The change to day 1 entitlement to bring an unfair dismissal claim will be a major headache for employers who are used to effectively trialing a new employee for 2 years to ascertain suitability.
Day 1 unfair dismissal rights will inevitably lead to a surge of claims against employers, with associated rises in legal costs and the prospect of having to spend more time contesting claims against them. As anyone who has gone through an employment tribunal process will know, the time and cost in defending a claim is significant.
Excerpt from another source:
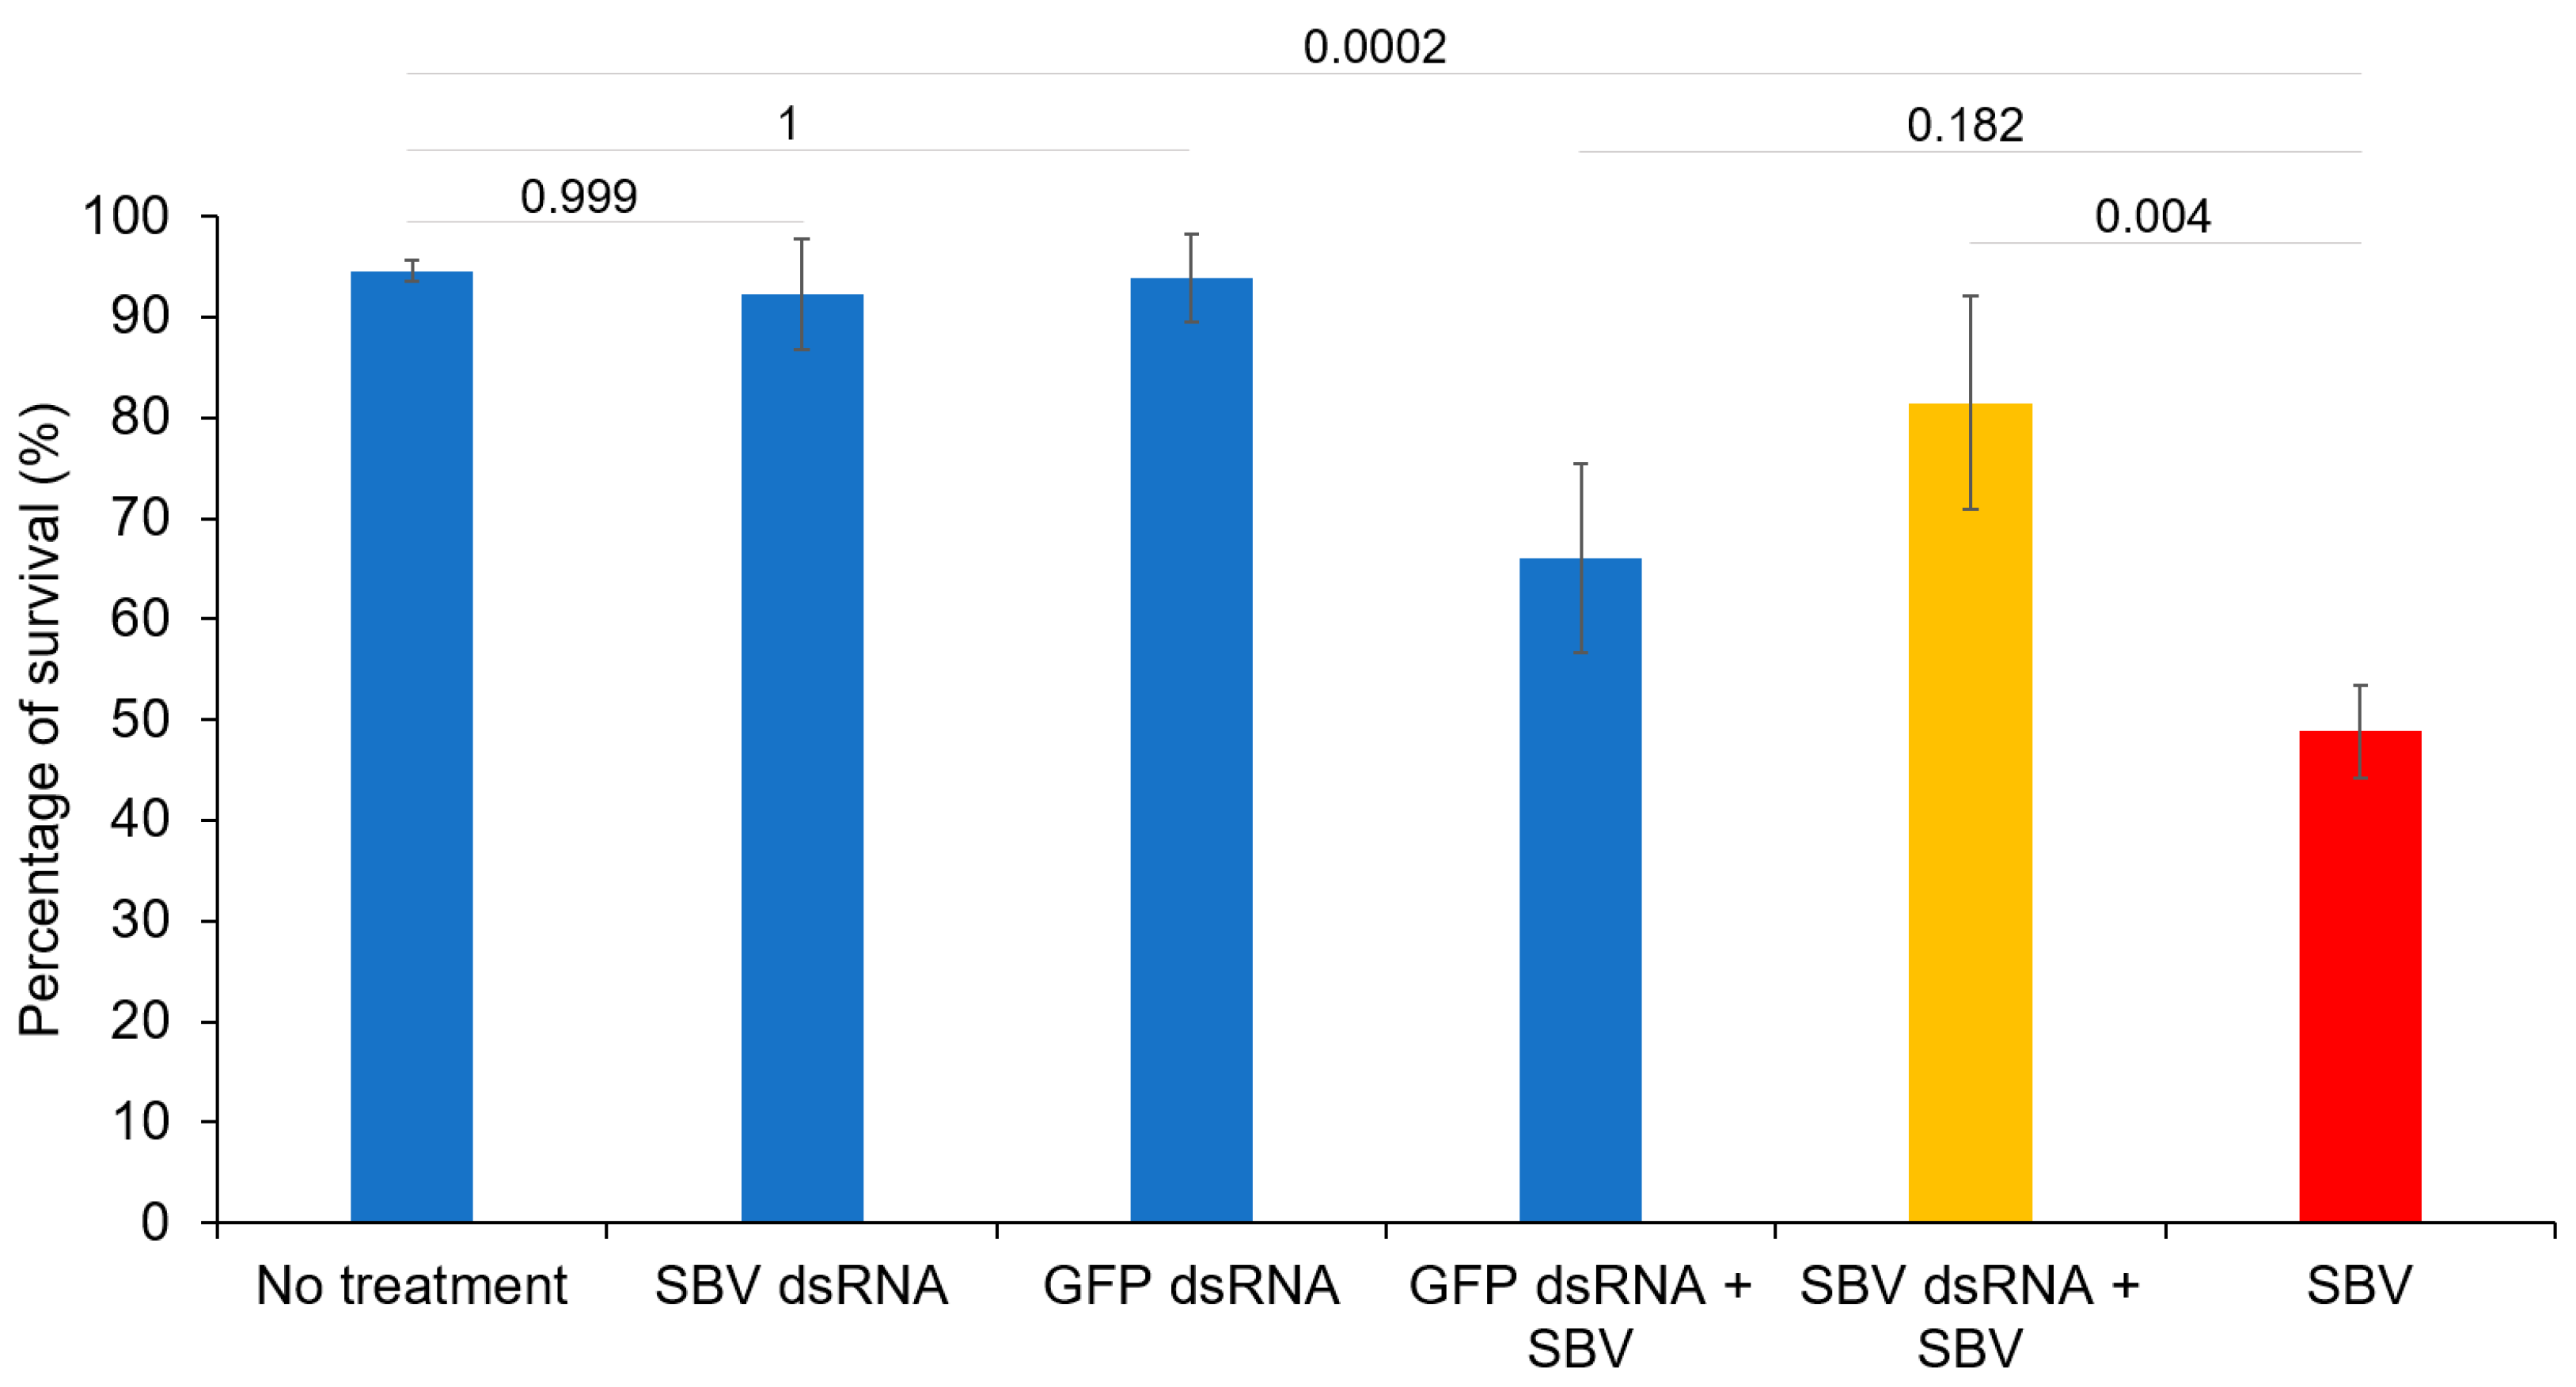 Viruses | Free Full-Text | Large-Scale Application of Double-Stranded RNA  Shows Potential for Reduction of Sacbrood Virus Disease in Apis cerana  Apiaries

Could employers decide to substitute away from certain activities to avoid the requirement to engage new employees? And could it have an impact on the attractiveness of the UK for foreign employers, who currently regard the UK’s relatively employer-centric employment laws as an attraction for locating here?
Statutory sick pay
Labour say SSP will be increased for all workers including the self-employed and the lowest paid. We presume this means that lower earnings thresholds will be abolished and, when combined with increased SSP & a widening of entitlement, this represents an additional cost for employers.
Labour propose the right to request flexible working, currently requiring 28 weeks service, to be available to all employees. Making flexible working a day 1 right has long been expected to become law in any case, but Labour may take this further, changing the right to ‘request’ to simply being a ‘right’.
Again, we await detail, but many employers will be left wondering how they will run their organisations with a workforce able to decide it’s own working pattern and, presumably, location.
The minimum wage will be increased to £10 per hour for all workers – the Living Wage, which applies to most employees 23 years and older, is already due to increase to £11 from April 2024. Increasing other minimum wage rates beyond current rates will make younger workers and apprentices more expensive to employ.
Ending “fire and rehire” practices
Labour have promised legislation to bring an end to ‘fire and rehire’, or ‘termination-reengagement’ as it used to be known before the new media-friendly tag.
Fire and rehire is already covered by a new ACAS code on the practice, which encourages employers to consult fully to try to gain employee’s agreement to proposed changes to their contracts.
By going further than the ACAS code, employers will feel that a Labour government would remove their ability to make necessary changes to maintain competitiveness & to reflect changing practices in the wider economy. This could lead to businesses folding, or relocating abroad in order to survive.
Ironically, in genuine cases where employers need to introduce change, abolishing fire and rehire could result in a rise in redundancy-related dismissals, effectively commuting ‘fire and rehire’ into ‘fire’.
Banning zero-hour contracts
A long-running contentious subject, the current government have already banned one-sided zero hours contracts (the type that required workers to keep hours available while the employer had no obligation to provide work for those hours), but Labour wants to go a step further, saying they’ll ban them all together.
For workers who want to be able to pick and choose when and how much they work, a ban on zero hours contacts will not be seen as a benefit. Employers in less predictable sectors like care and hospitality may well feel less able to meet peaks and toughs in demand.
It is a fact that many employers still misuse zero hours contracts, despite the volume of codes and advice available to them. An outright ban would certainly correct much of that misuse, but many employers will argue that a legislative ban is too blunt an instrument for an economically complex employment issue, when recourse for misuse already exists via the courts and tribunals.